Long-winded, rambling, hilariously obsessive, mildly antagonistic rant against Slider_Quinn21 and Informant for refusing to devote the entirety of their lives to a fan fiction project for a TV show in the 1990s and demanding that they answer for their sensible lack of interest

Slider_Quinn21 wrote:

I don't remember this project at all.

lol

(Thought I'd save Transmodiar the trouble.)

Grizzlor wrote:

I always felt Sliders was one of the toughest franchises to write it for.  At least if you were to try to hold to Tracy Torme's vision for the show.  Frankly a good chuck of season 3 was literally BAD fan fiction.  Torme had the characters visit different Earths.  Some had slight differences, others had clearly obvious ones.  Regardless, the best Sliders episodes often were the ones where the crazy worlds forced the team to take on roles or even personas they never expected to.  In a sense, they became actors.  Those were so entertaining.  Also good were the ones where they were forced to examine choices they made, better or worse, that their double may have done differently.  I felt those were the strength of the show, and of Torme's guidance.  Often the Sci-Fi seasons would come close, simply for budgetary reasons.  I guess my point is that too often over the years, Sliders fanfics have focused too much energy into the worlds, the politics, and whatnot.  Does that make for good fanfic?  Maybe not, but it would (if ever rebooted) make for good television.

I don't think I entirely understand what you are saying, but I am hazarding a guess: you are saying that it was the characters that made SLIDERS fun and the way the parallel worlds put them into one insane situation after another that messed with their identities and morals and convictions -- and SLIDERS was at its best less about the world-building and the alternate histories.

If that's what you are saying -- it's interesting because I disagree, but I don't have the ability to produce material in opposition to your opinions. Alternate histories and world-building, to me, are essential to SLIDERS. To me, a good SLIDERS writer will look at SLIDERS' five seasons and have ideas for a world where energy instead of gold is the dominant currency, where human speech is seen as archaic compared to writing, where the War on Terror never ended, where government spy agencies bought social media, where environmental legislation wound technology backwards to the 30s, where 3D printing made all copyright laws unenforceable.

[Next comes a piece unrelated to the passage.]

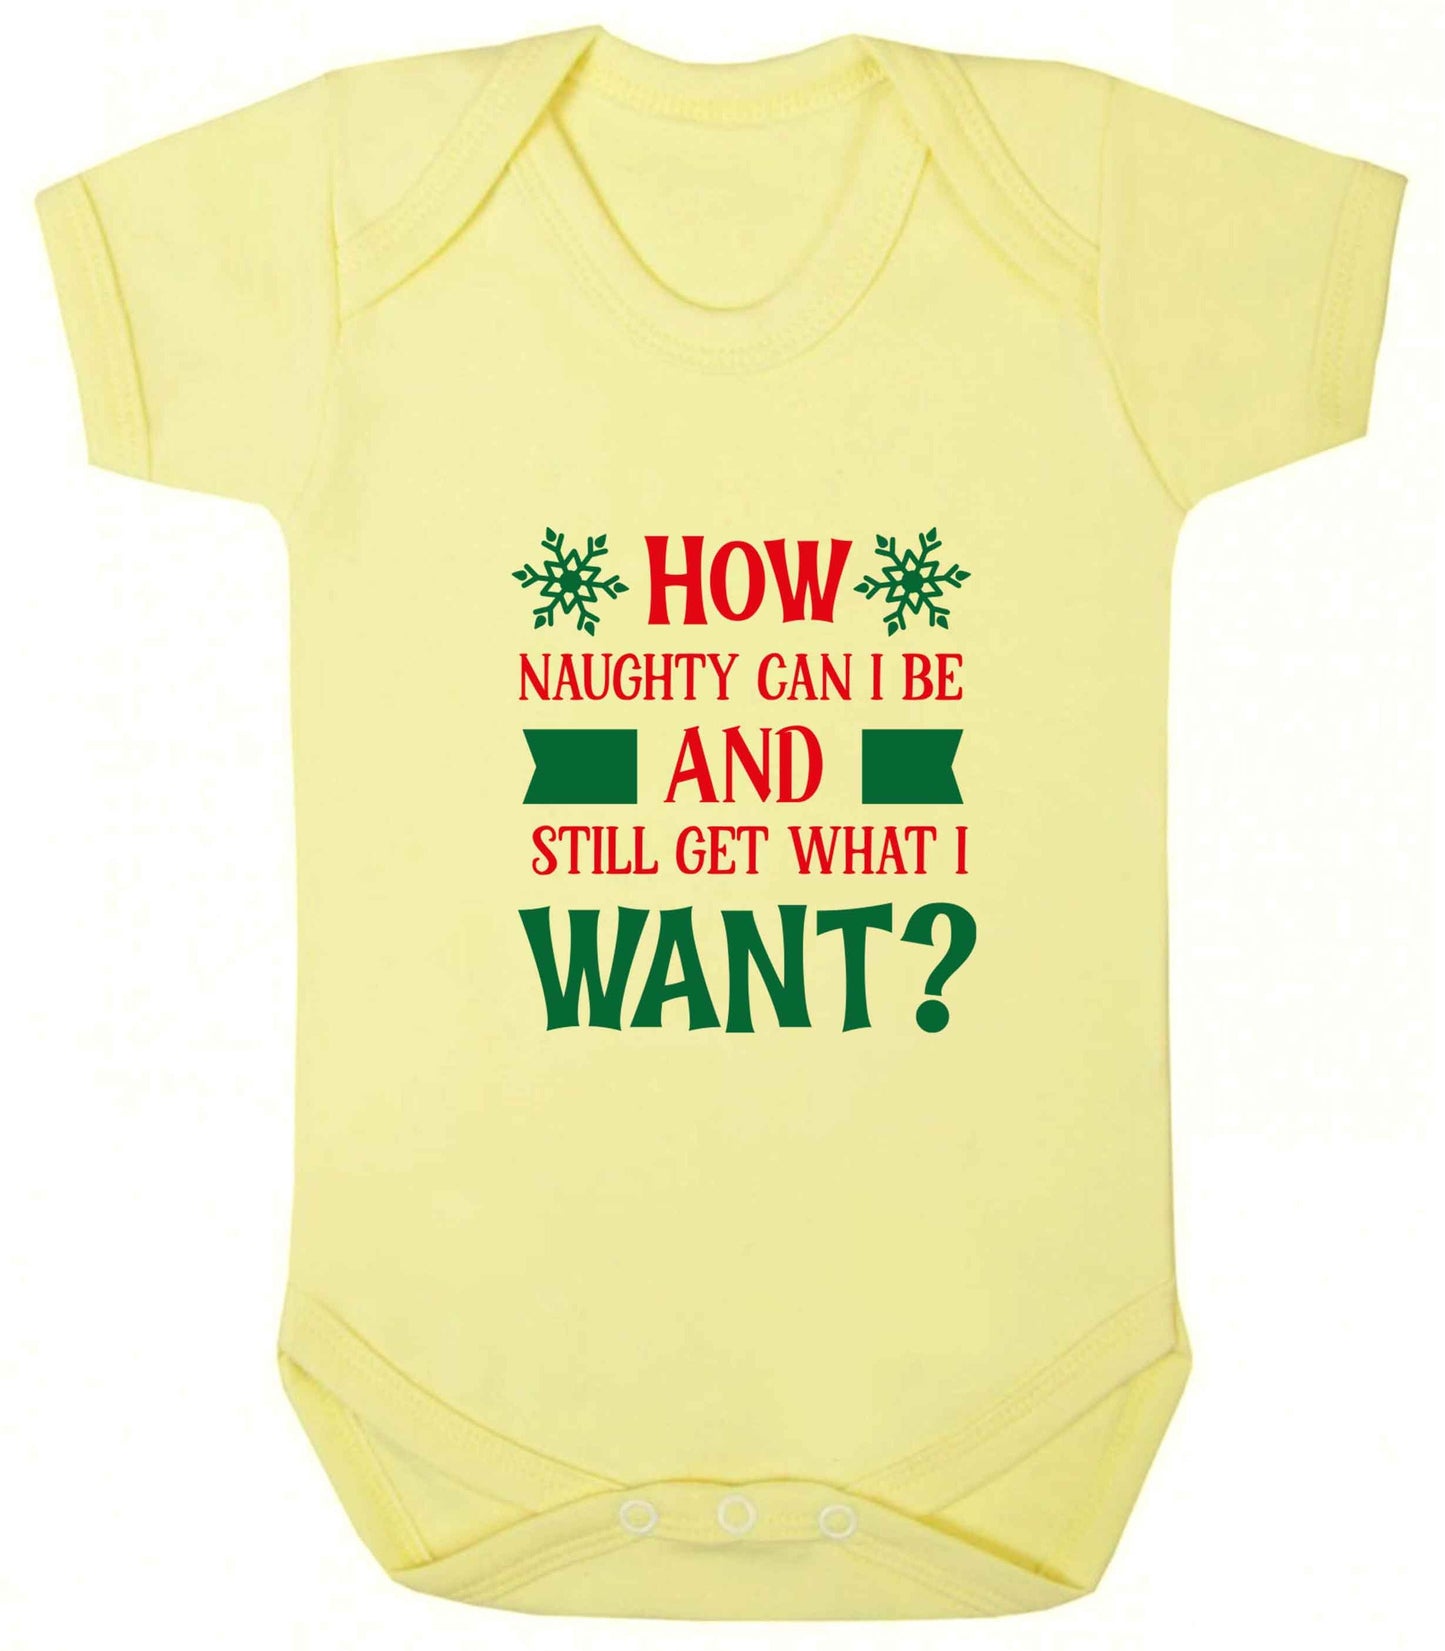 How naughty can I be and still get what I want? baby vest pale yellow 18-24 months

And to me, a bad SLIDERS writer will look at SLIDERS and come up with a storyline to split the Quinns, resurrect Wade, retrieve the Professor from the Azure Gate Bridge world, finish off the Kromagg Prime arc as per Marc Scott Zicree's original specifications, bring back Logan St. Clair, revisit the FBI agents, etc..

And finally, there are the mediocre SLIDERS writers. The middling ones. The ones who aren't very good at any of the world-building and can see the unresolved plots as a mess that even a resurrected Ernest Hemingway would fail to construct into something readable -- but who have a loving, sincere adoration for the actors and the characters they played and seek to summon the presence of the performers to the page and write script pages so vivid that you can hear Jerry, Sabrina, Cleavant and John saying every single line. Such writers, if particularly obsessed, will then hire a good SLIDERS writer for the princely sum of eighty dollars American to come up with the alt-histories.

Anyway. I'd like to think you're right, Grizzlor, because it would validate the life I've lived, but I personally think you're wrong.